For the first week of the poll, Republican candidate Donald Trump and Democratic candidate Hillary Clinton are in a statistical tie. Trump has 43 percent and Clinton 40 percent — falling within the poll’s confidence interval of plus or minus 3 percentage points.
The poll affirms that the campaign is broadly divided by race, gender, age and education. Among men, Trump leads Clinton 47 percent to 36 percent. Among women, Clinton leads Trump 41 percent to 34 percent, a result just inside the poll’s margin of error.
Eligible voters who have not graduated from college tend to support Trump: Fifty-three percent versus 24 percent for Clinton. However, Clinton draws 77 percent support from African-Americans versus Trump’s 3 percent. She also draws 51 percent from Latinos, versus 30 percent for Trump.

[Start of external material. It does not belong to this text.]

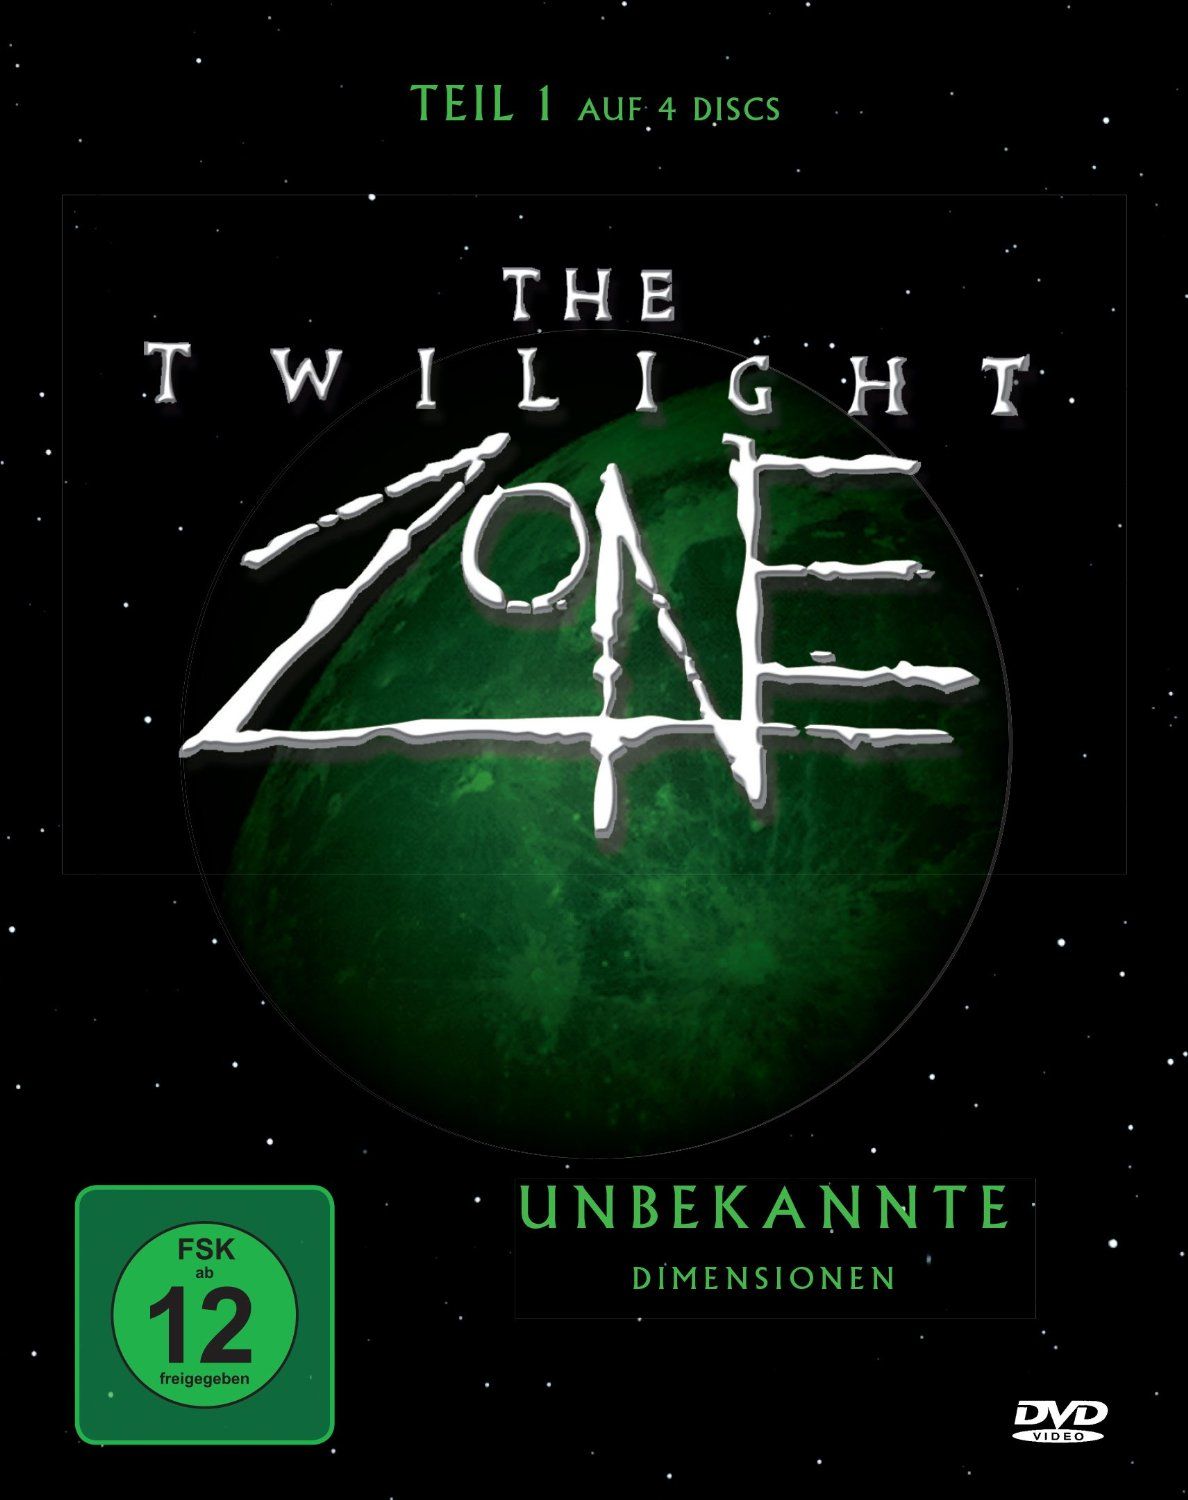 Twilight Zone, The - Unbekannte Dimensionen - Teil 1 (1985) (4 Discs)

Among white college graduates, Clinton is at a slight advantage: 42 percent to Trump’s 40 percent.
Poll respondents lean in Trump’s favor but think he’s unlikely to win. Fifty-three percent believe Clinton will prevail, compared with 41 percent for Trump.
“It looks as though the news surrounding Hillary Clinton’s email controversy has had a pronounced impact on her level of support,” said Dan Schnur, director of the Unruh Institute of Politics. “Donald Trump’s poll numbers have been largely unchanged over the last several weeks, but our poll shows that Clinton’s have taken a noticeable hit.”
How the poll works
About 450 eligible voters in the Understanding America Study election panel are invited every day to answer three questions online: What is the percent chance that: (1) you will vote in the presidential election? (2) you will vote for Clinton, Trump or someone else? and (3) Clinton, Trump or someone else will win? In addition, to learn more about what lies behind their likely vote, respondents each week are asked one or two extra questions about their preferences and values.
As the responses come in, CESR updates the charts nightly with an average of the prior week’s responses.
“We’re very excited to have this national nightly Daybreak tracking poll to complement our ongoing USC Dornsife/L.A. Times California poll,” said Schnur, whose institute oversees the largest statewide poll of California voters. “The two will combine to give us tremendous insight into the thinking of voters here and across the country.”
To identify who is likely to vote, the Daybreak Poll uses a 1-100 scale and asks respondents to report their likelihood of voting and which candidate they prefer. Kapteyn said that in theory, the use of longitudinal data should lead to more reliable results.
Four years ago, the team responsible for the Daybreak Poll had developed the RAND Continuous Presidential Election Poll based on the same methodology. The margin of error is plus or minus 3 percentage points but may vary for subgroups.